March 31, 2020
Authored by: Sarah Bhagwandin and Jennifer Stokes
With the economy in a free-fall and the U.S. government scrambling to create a financial safety net for citizens, giving access to tax-qualified retirement savings was a natural piece of Congress’ plan to loosen the grip on needed funds. And yet, plan sponsors should pause before adopting the new in-service withdrawal and loan options wholesale. The options made available under the CARES Act are permissive, not required. Implementing a thoughtful, needs-based, COVID-19 withdrawal/loan policy could protect employees’ financial security for decades to come.
Plan sponsors can adopt an incremental approach to COVID-19 in-service withdrawals or loans, and should consider doing so in the interest of helping participants not decimate hard-won savings in a panic.
What Options do Plan Sponsors Have?
COVID-Withdrawals. The CARES Act allows a new category of withdrawals, COVID-19 Distributions, which allows participants to take a withdrawal of the lesser of 100% of their vested account balance or $100K, anytime between January 1, 2020 – December 31, 2020, if they satisfy certain requirements. Click here to read our summary of the CARES Act withdrawal rules.
Plan sponsors can design a COVID-19 withdrawal program within the parameters of the CARES Act without allowing the full $100K withdrawal at once – or at all. The statute does not require that a plan go from 0 to 100! Further, while the new law allows plan administrators to rely on the representation of participants that they qualify for the in-service withdrawals, plan sponsors can impose any reasonable substantiation requirements they wish.
For example, the plan could adopt a COVID-19 withdrawal program that limits withdrawals up to $10K a month, with a maximum limit for 2020 of $50K (or the full $100K).
For substantiation, in the event the COVID-19 qualification was not the result of the employee’s status and, therefore, not part of the plan sponsor’s records, the plan sponsor could require that the participant substantiate that the participant’s spouse’s employment is impacted by COVID-19, or related childcare burdens.
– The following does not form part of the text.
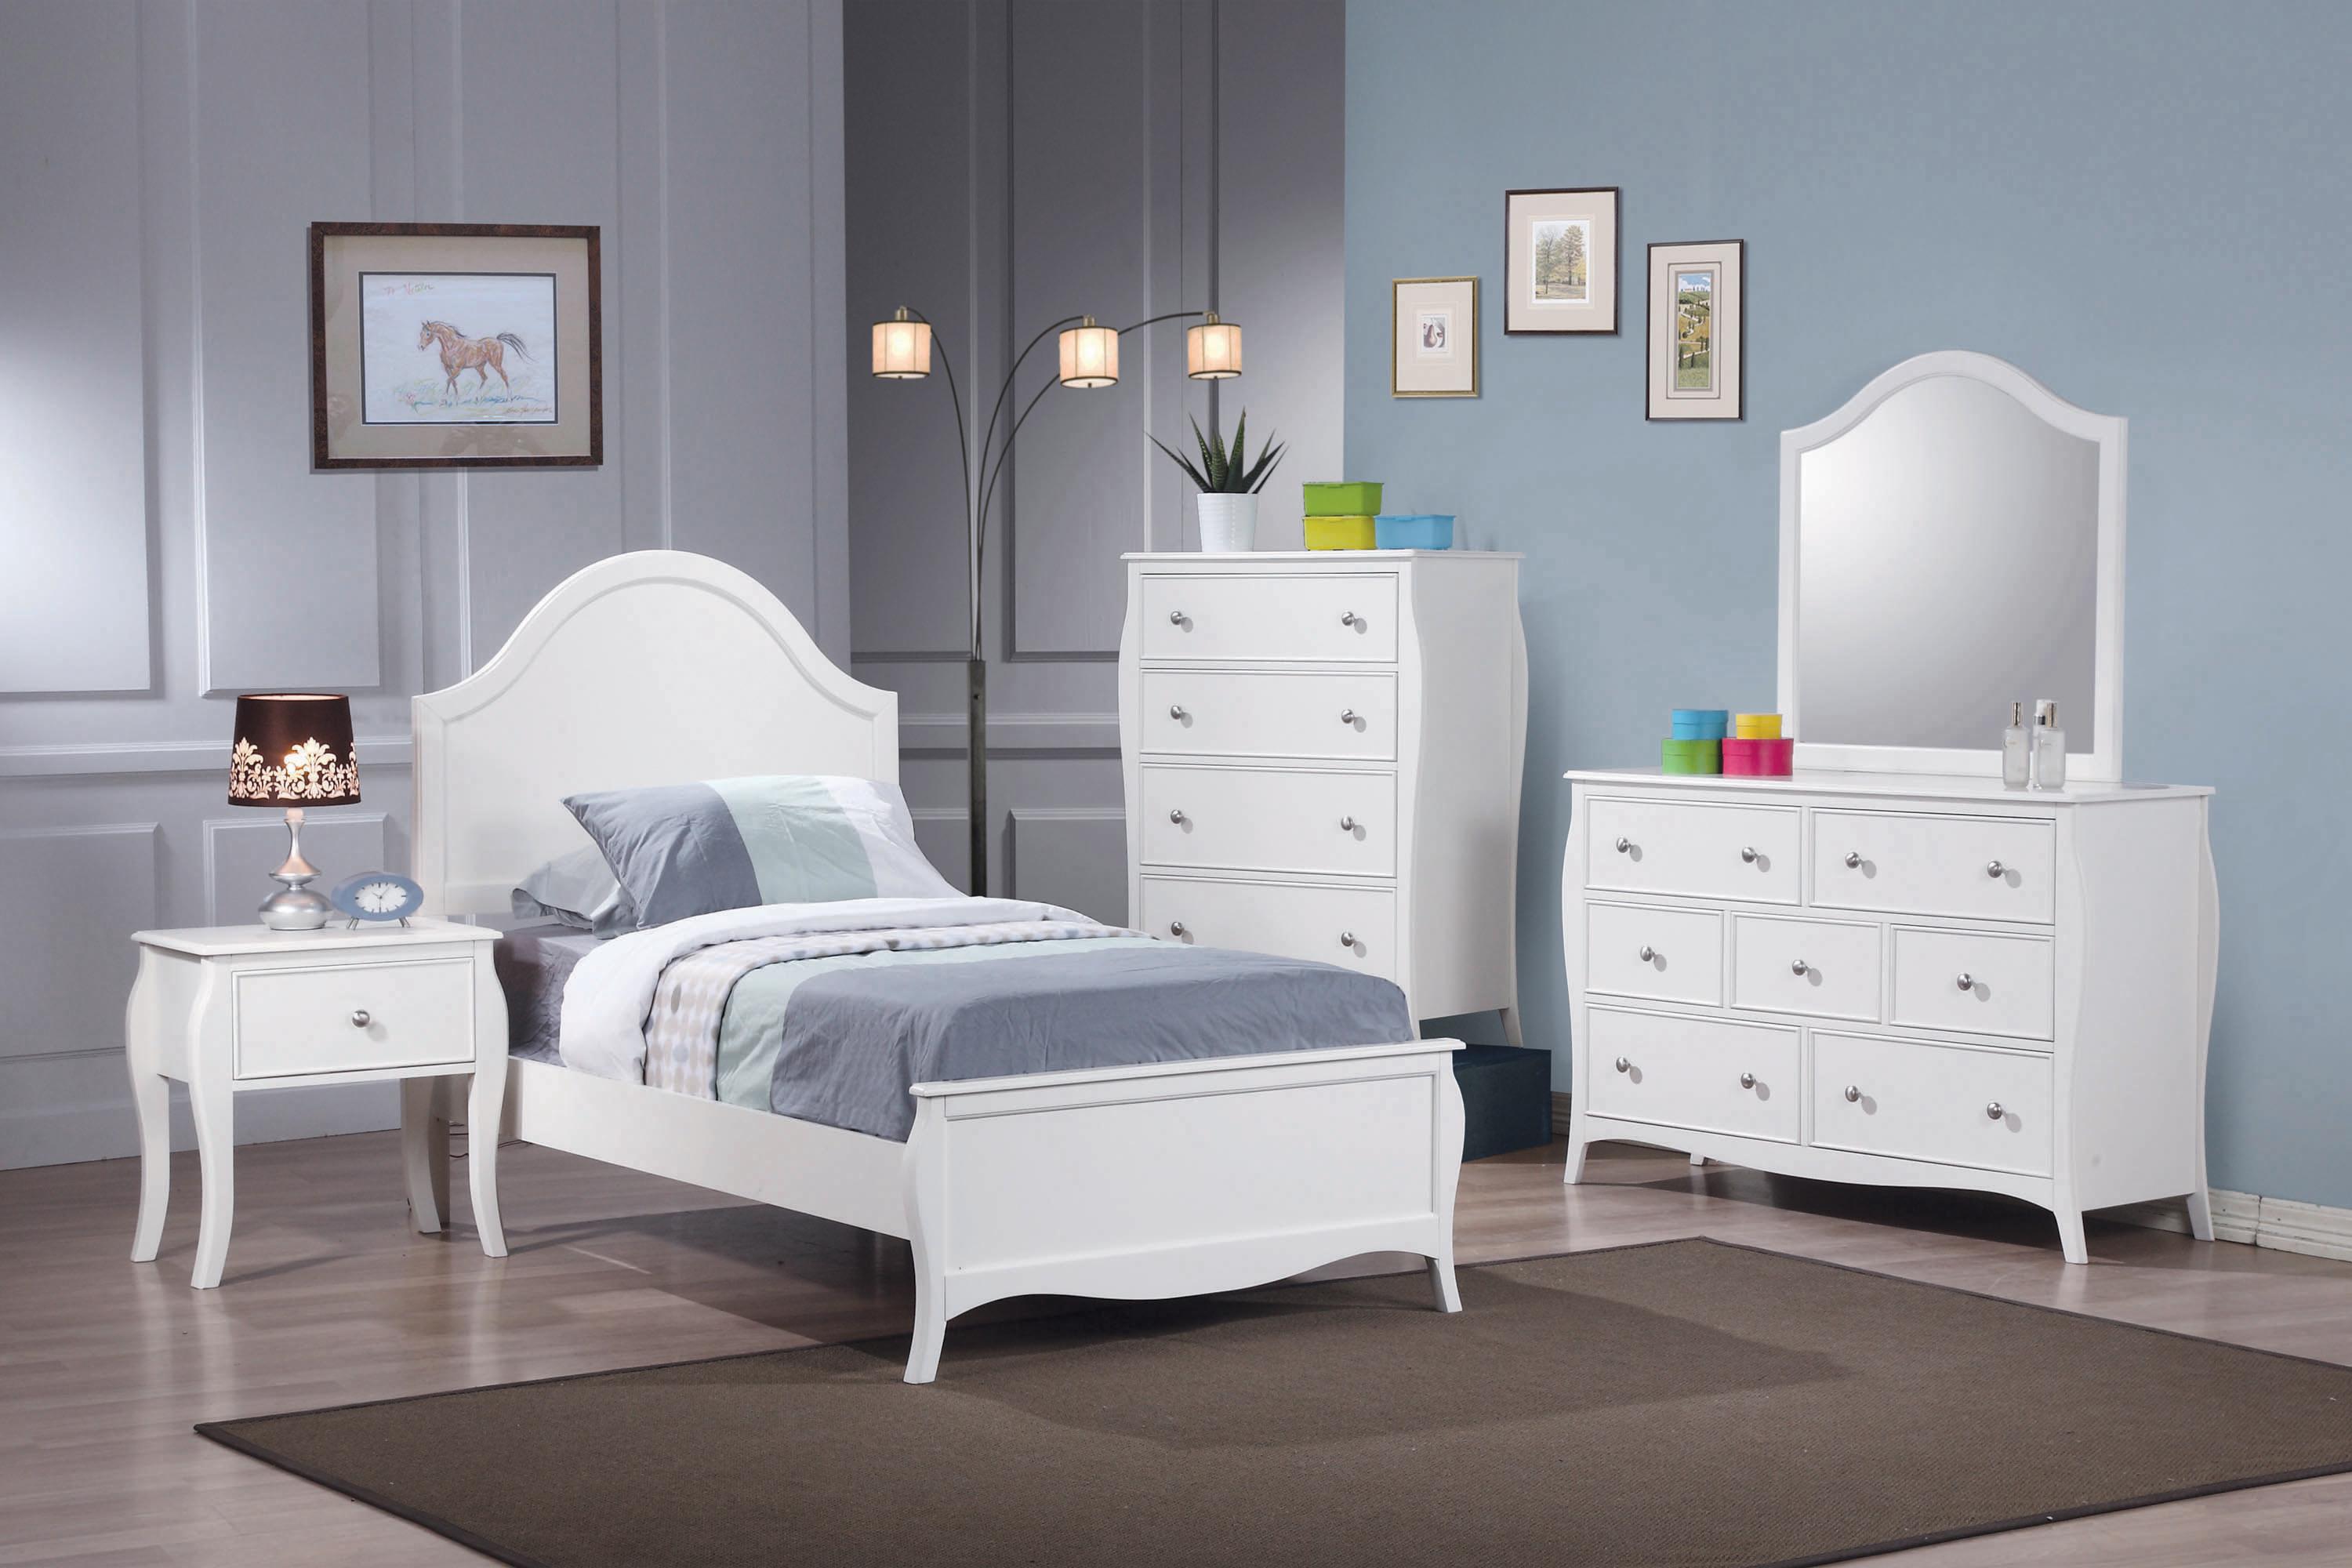 Traditional Bedroom Set 400561F-3PC Dominique 400561F-3PC in White

This approach to COVID-19 withdrawals imposes some discipline on participants, and meters out retirement savings plan leakage over time.
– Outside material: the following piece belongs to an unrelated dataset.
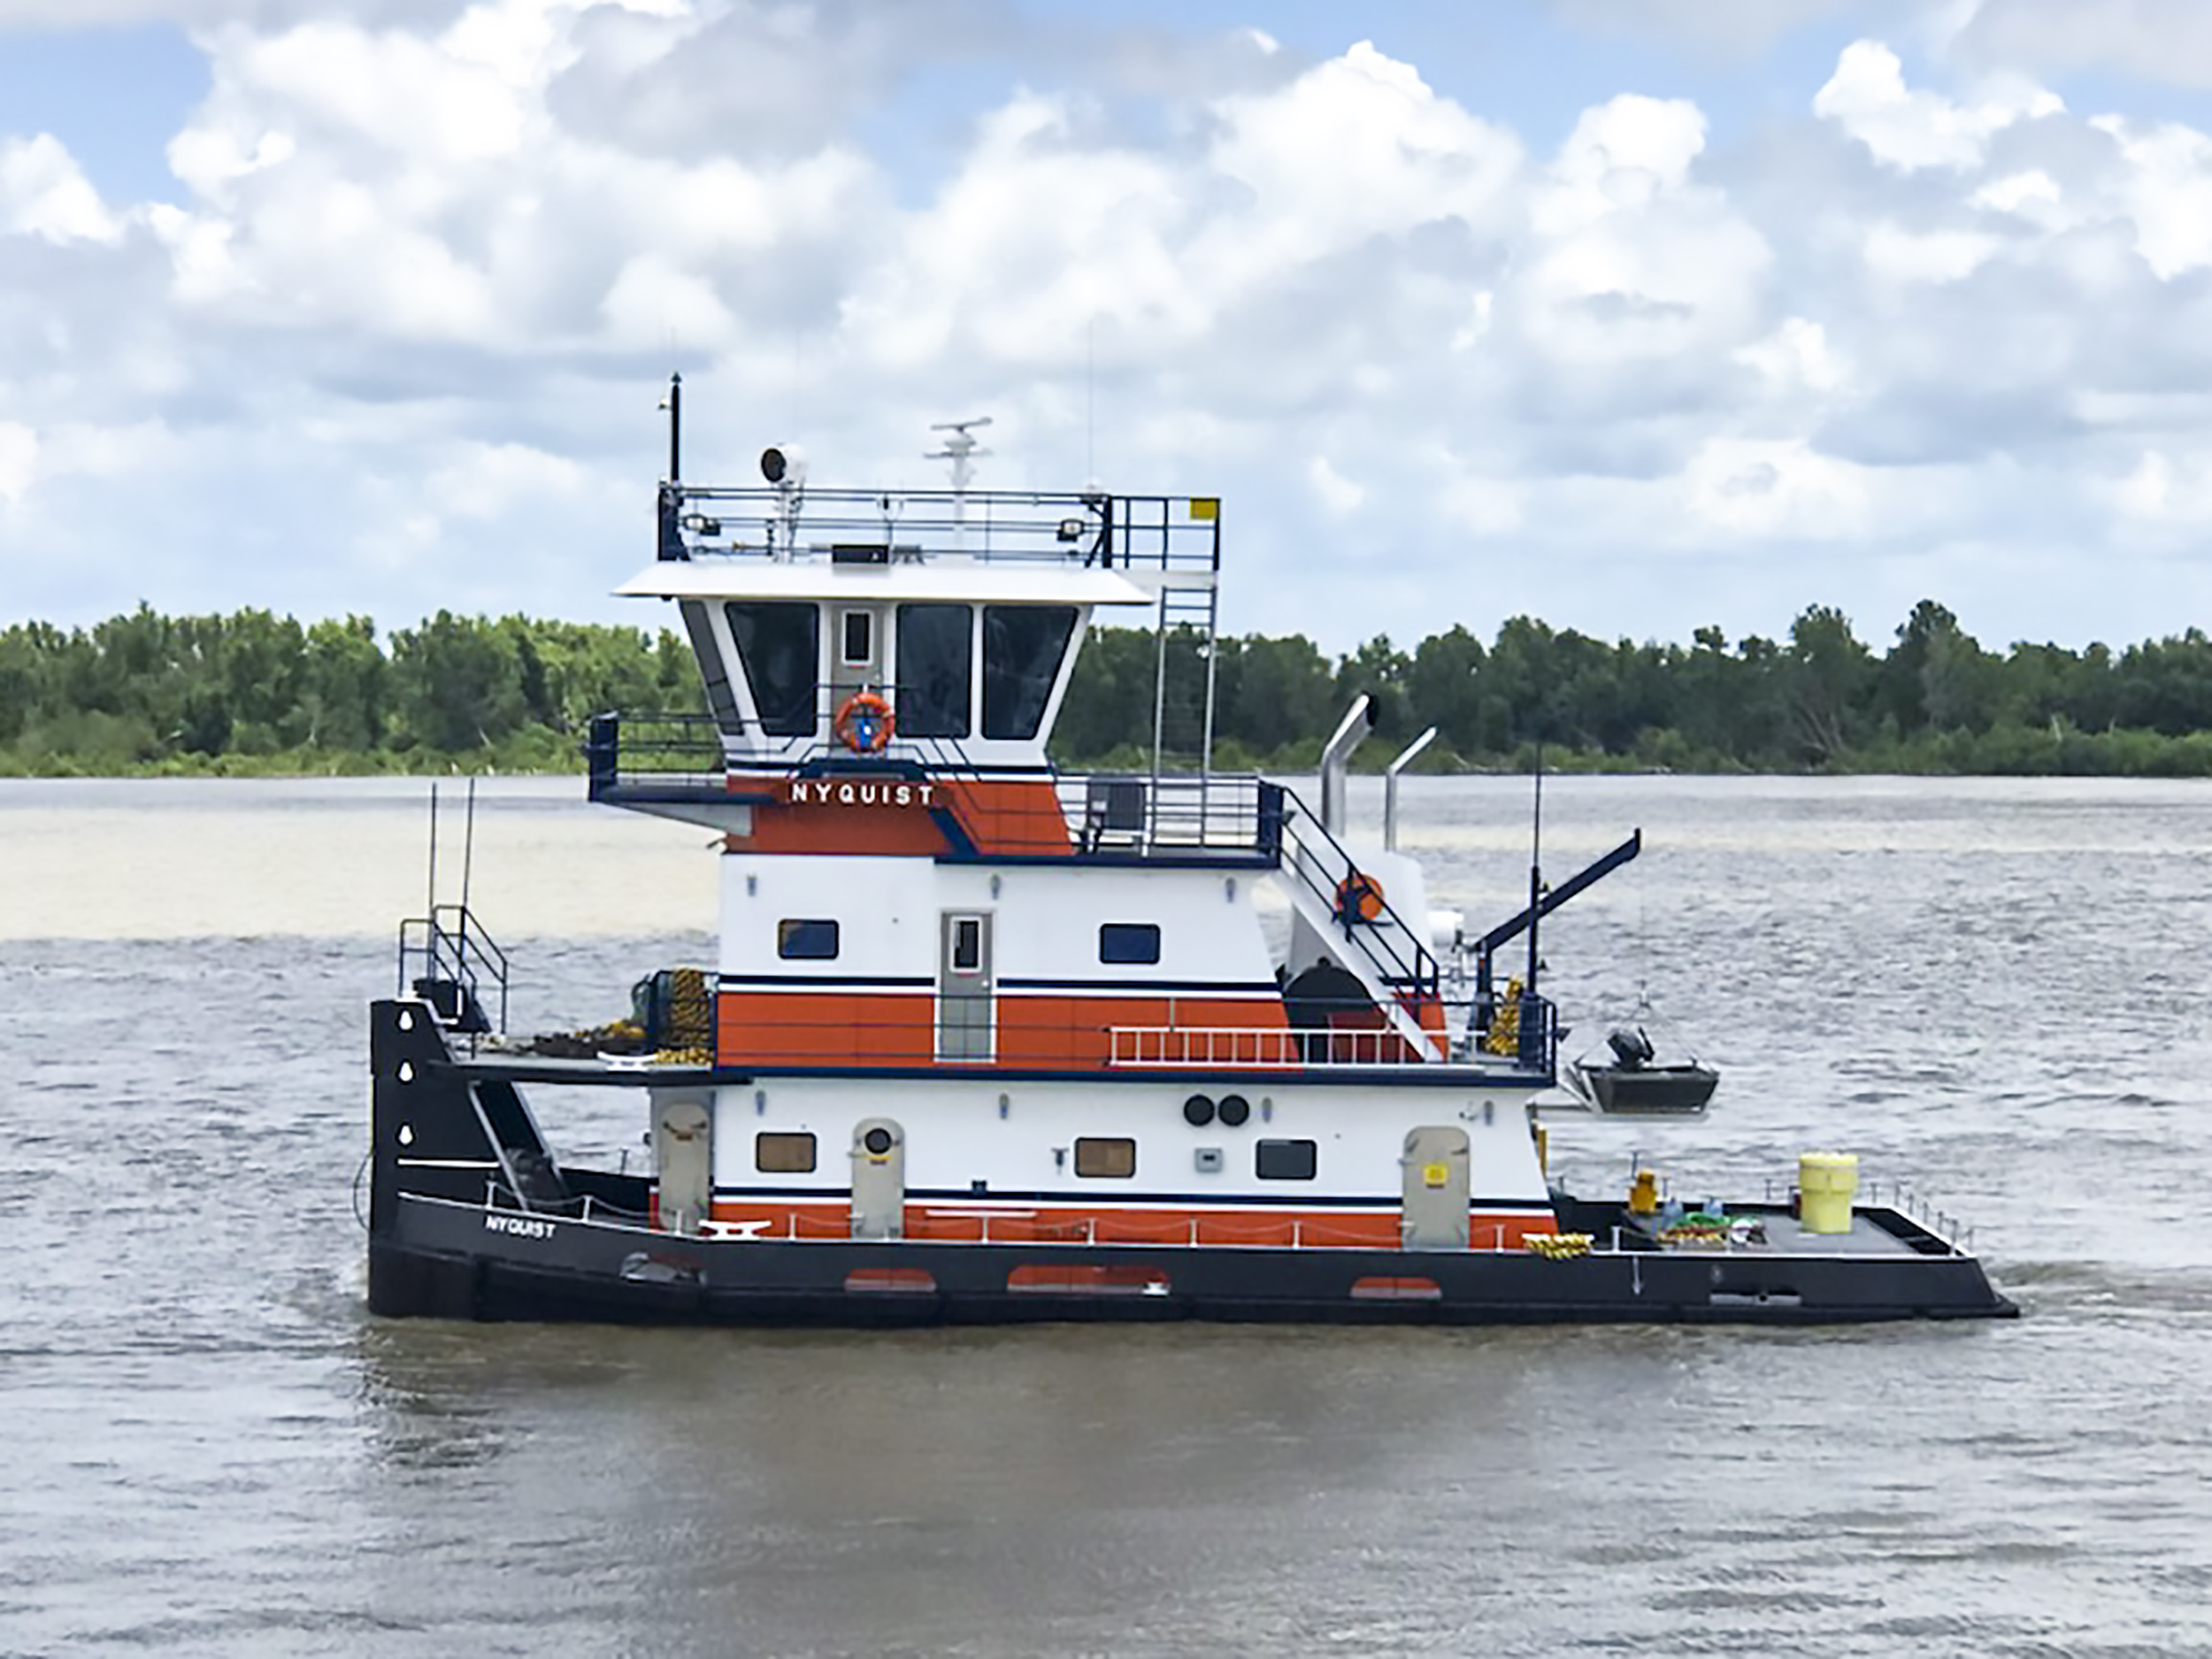 Pushboat "Nyquist" - Turn Services

COVID-Loans. The CARES Act allows plan sponsors to liberalize existing loan programs to allow qualified participants to take a loan of up to the lesser of $100K or 100% of their vested account balance.
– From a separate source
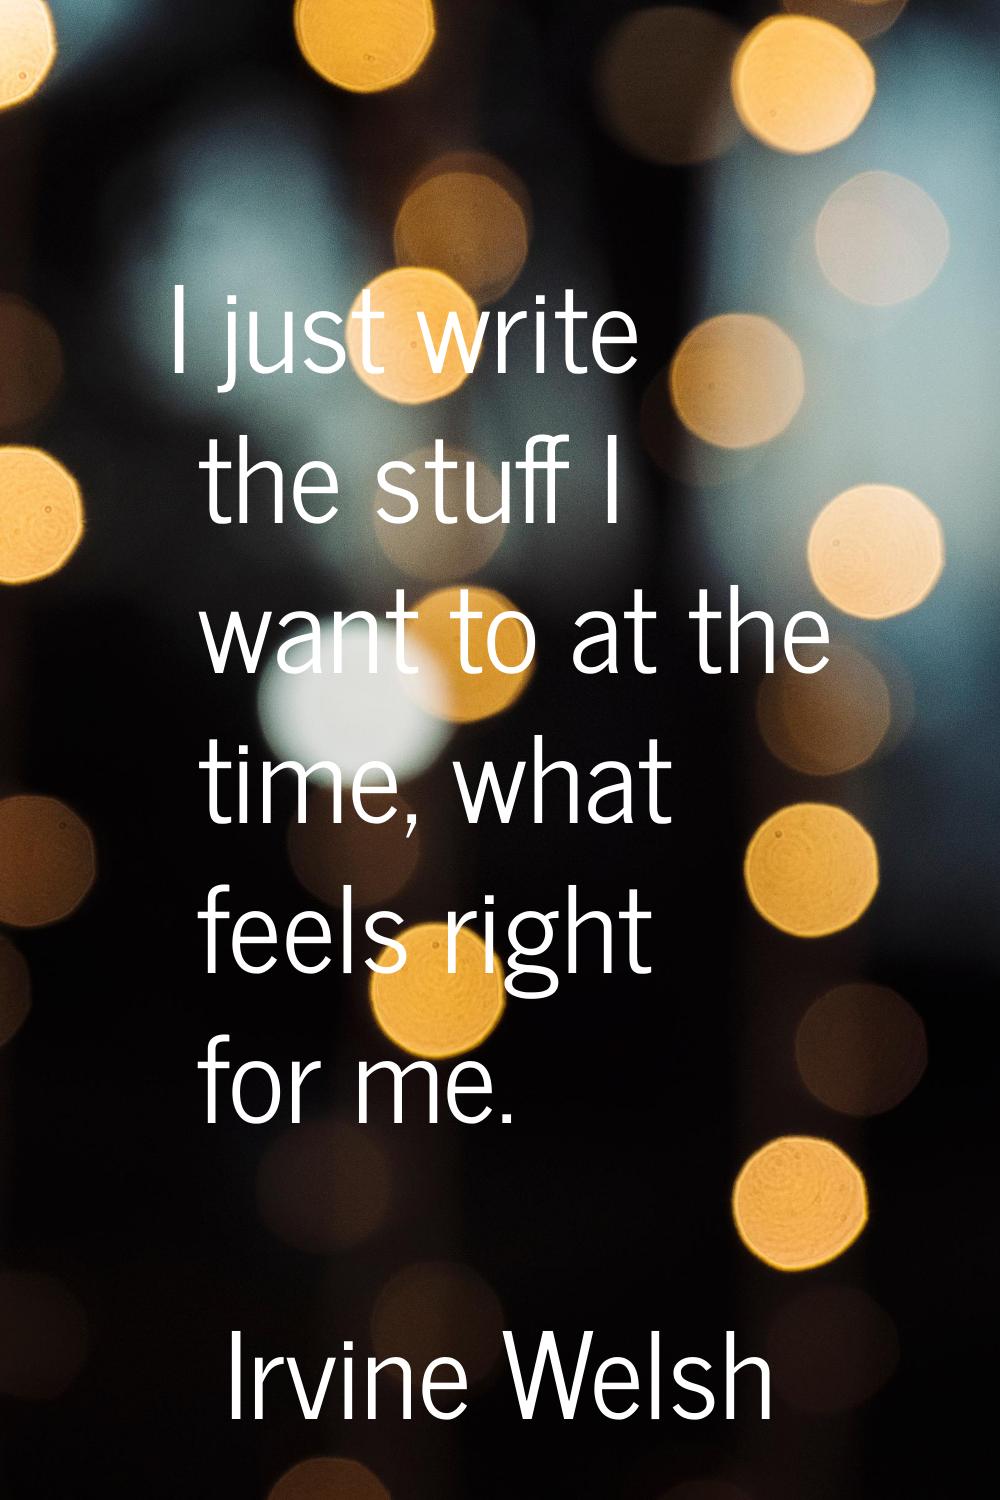 I just write the stuff I want to at the time, what feels right for me.

As with the COVID-19 in –service withdrawals, plan sponsors can design their COVID-19 loan program any way they wish within the parameters of the CARES Act.
For example, a plan sponsor could adopt a program that sets the limit of allowable loans for COVID-19 at some level between 50%-100% of a participant’s vested account balance. It is not a requirement of the statute that the plan sponsor adopt the fully permissive limit for COVID-19-justified loans.
As with COVID-19 in-service withdrawals, a plan sponsor could, though is not required to, impose a substantiation of need on plan participants.
Employers have spent untold hours and dollars educating employees on the importance of retirement savings and the serious deleterious impact mid-career withdrawals can have on their final retirement security. If ever there was a time to impose some discipline in withdrawals from 401(k) plans, now is the time.